DATA RECORDS START

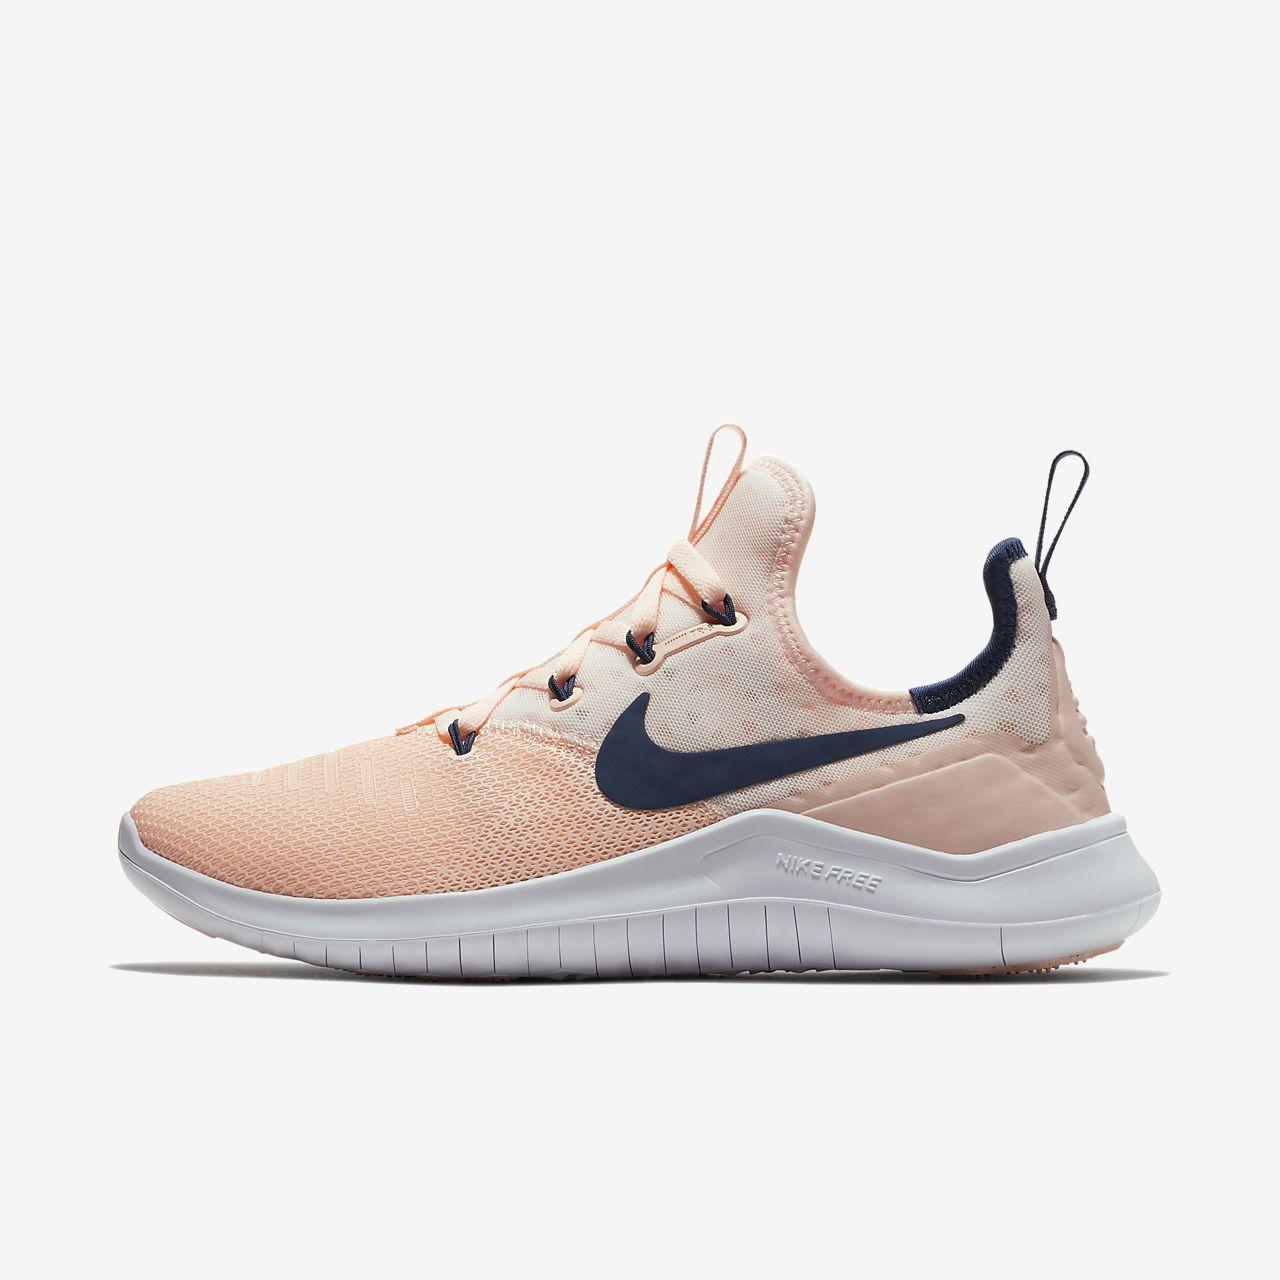 be52c325571e ... official store nike free tr8 womens gym hiit cross training shoe 157e1  35694 ...
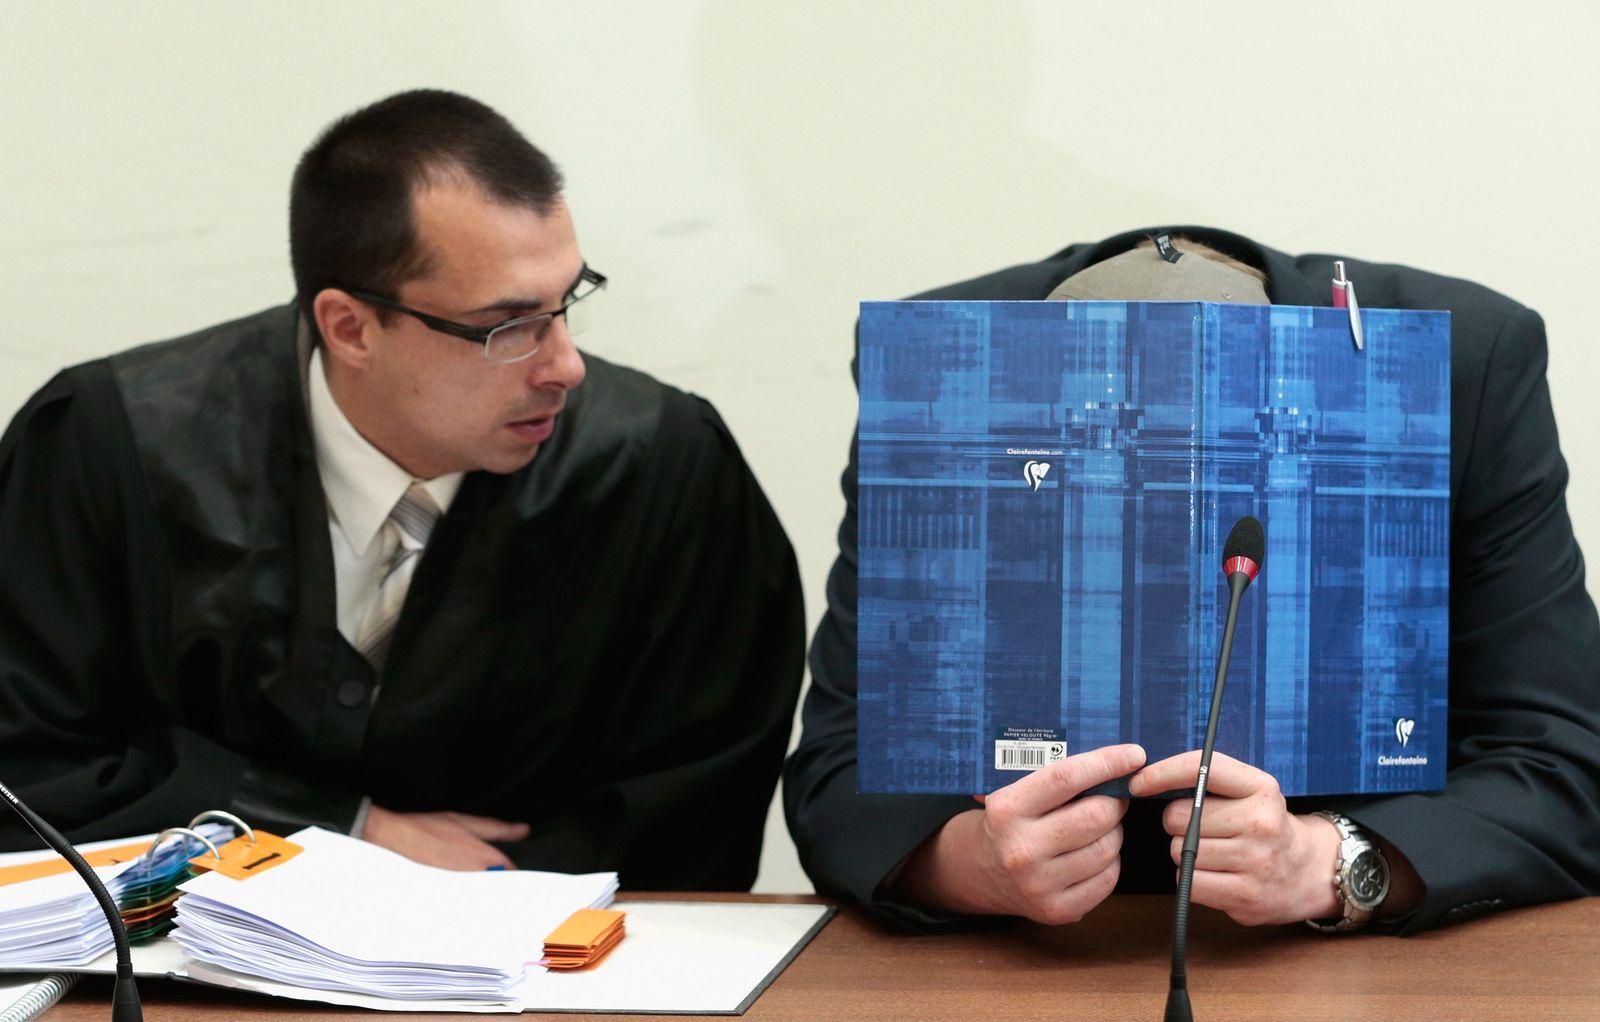 Holger G. NSU Trial
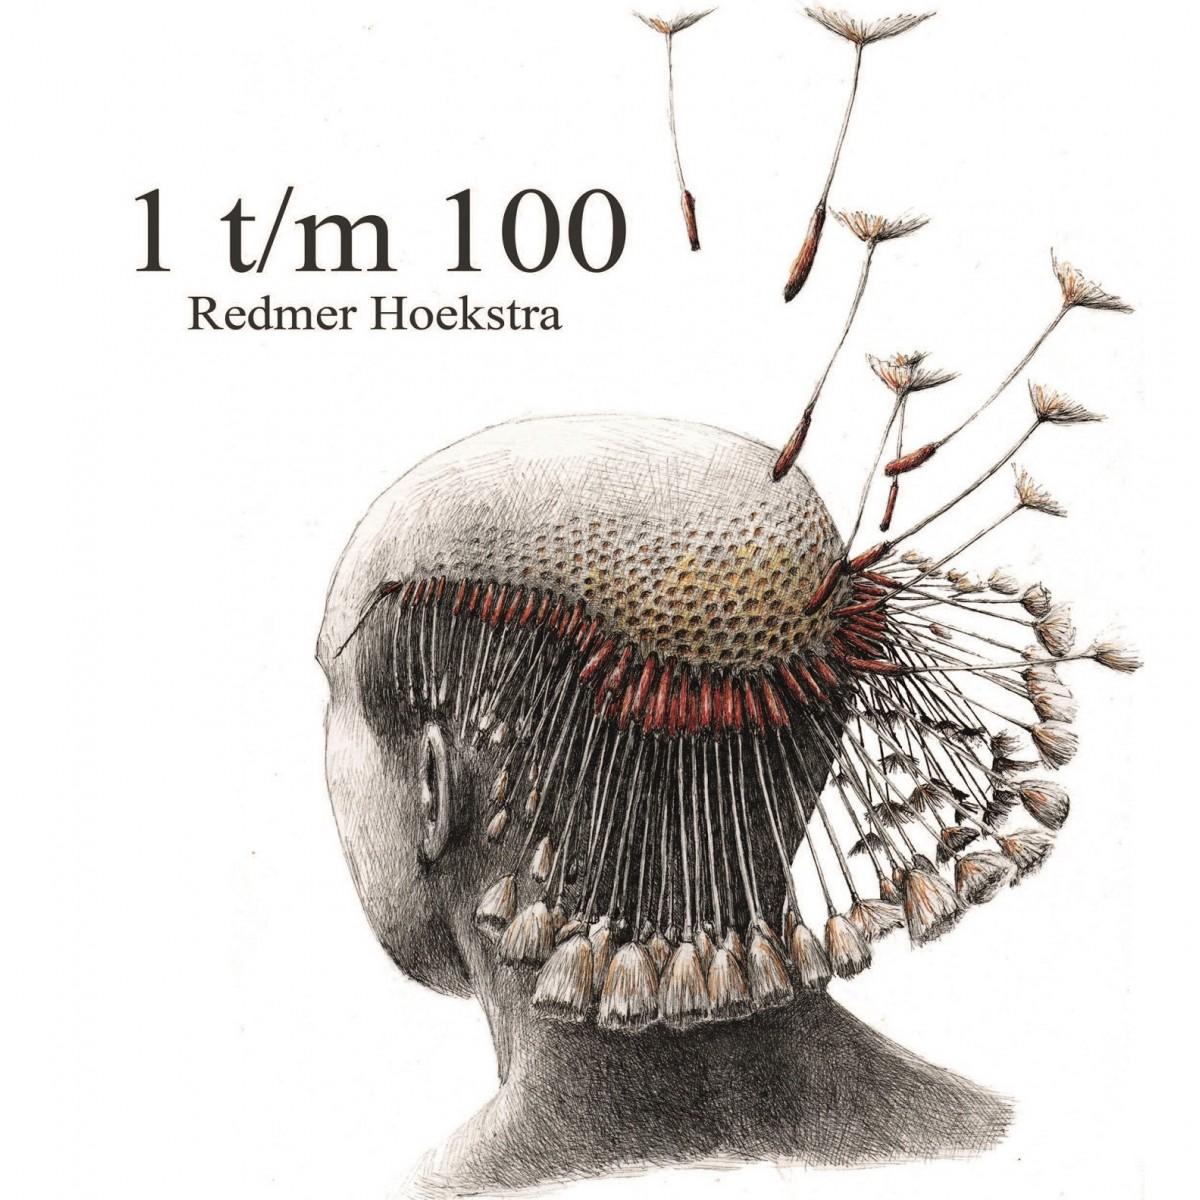 HOEKSTRA Redmer - 1 t/m 100 - Signé
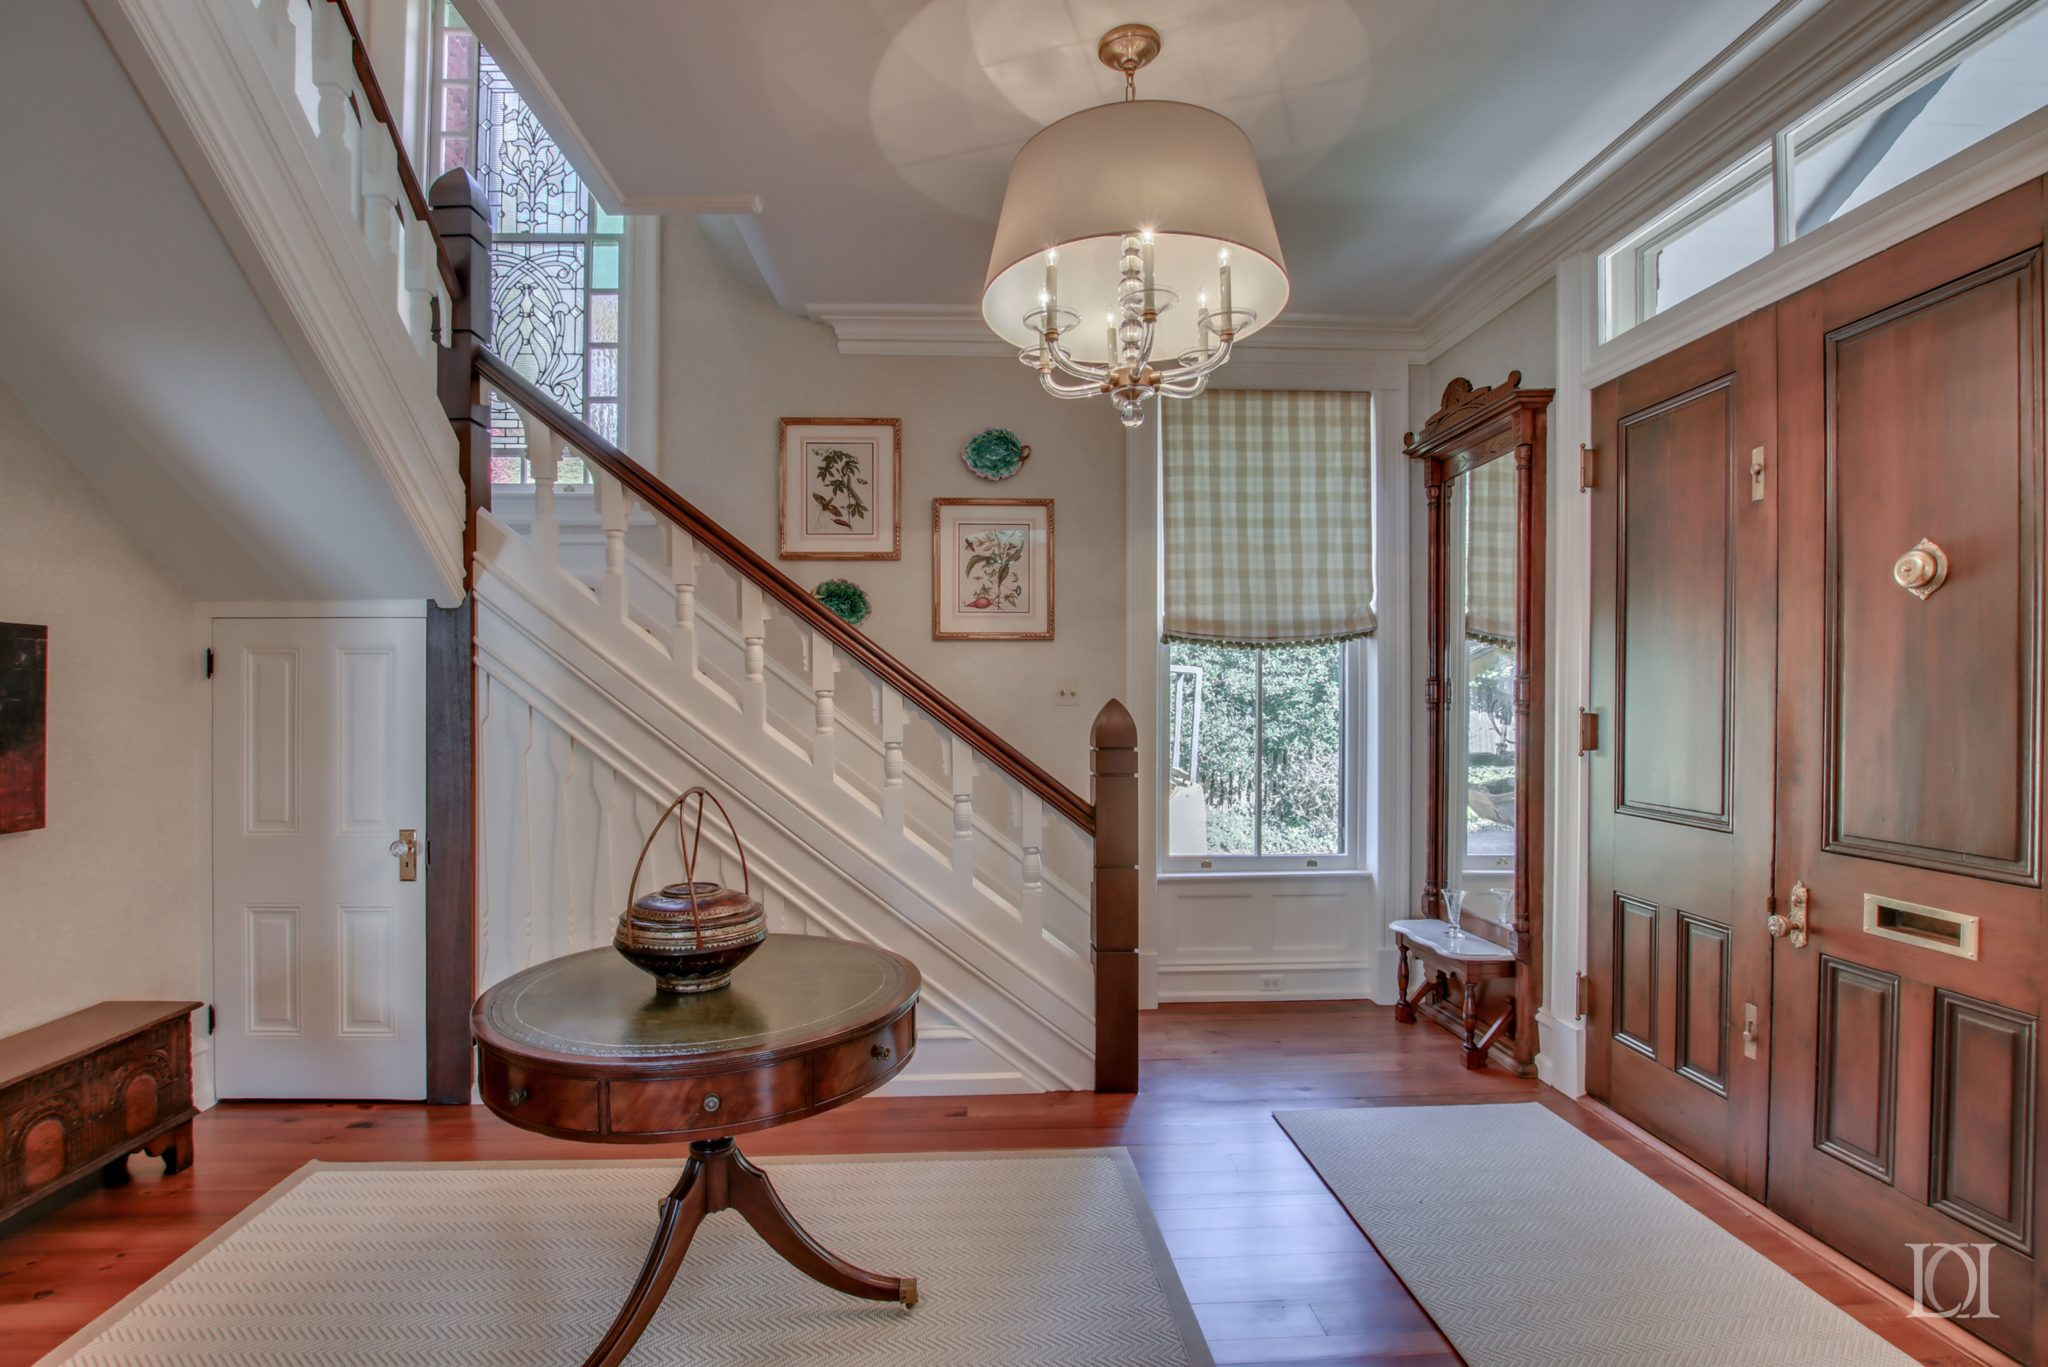 authentic doors stain glass window Gothic style banister pier mirror glass light by Deborah Leamann Interior Design
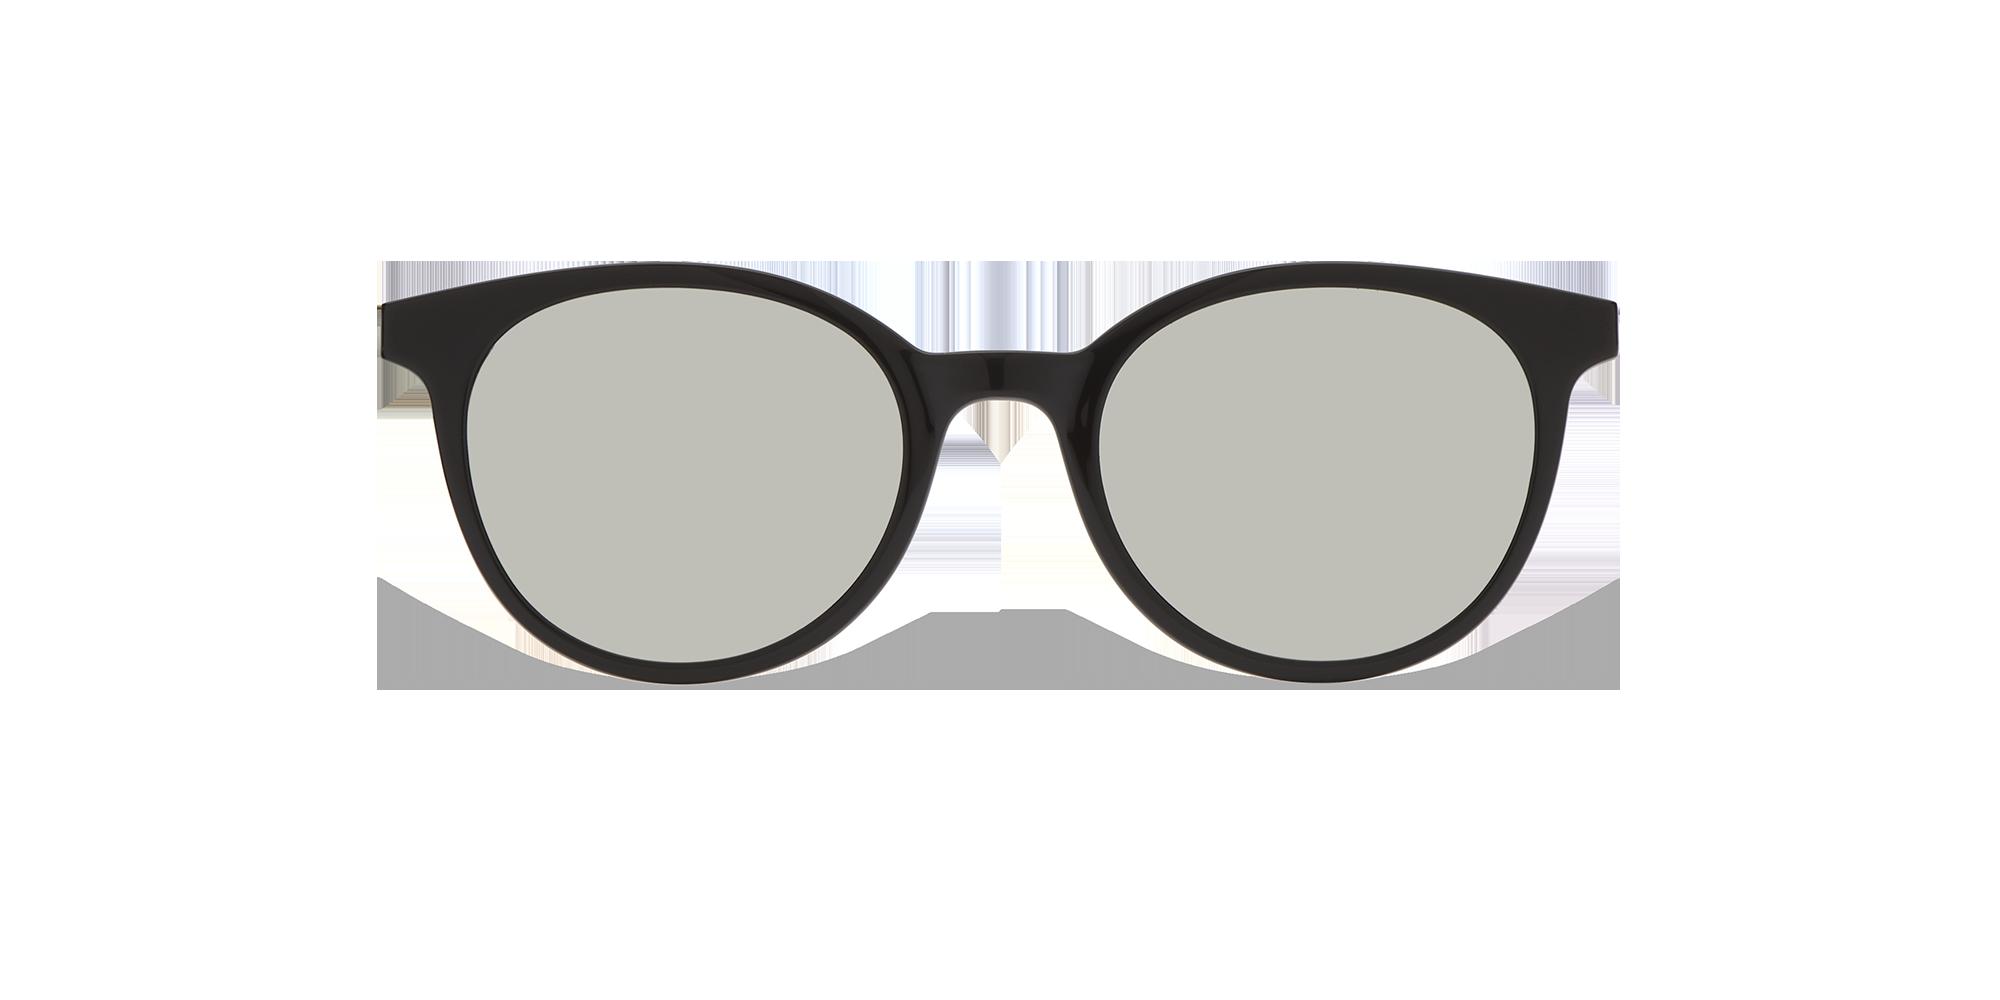 afflelou/france/products/smart_clip/clips_glasses/TMK36R3BR014819.png

DATA RECORDS END

▸ **EXERCISE INSTRUCTIONS**
The line containing "Holger G. NSU Trial" and all lines after it, through the last line of the records, should be returned exactly. Omit the pictures.

▸ **RESPONSE**
 Holger G. NSU Trial
 HOEKSTRA Redmer - 1 t/m 100 - Signé
 authentic doors stain glass window Gothic style banister pier mirror glass light by Deborah Leamann Interior Design
 afflelou/france/products/smart_clip/clips_glasses/TMK36R3BR014819.png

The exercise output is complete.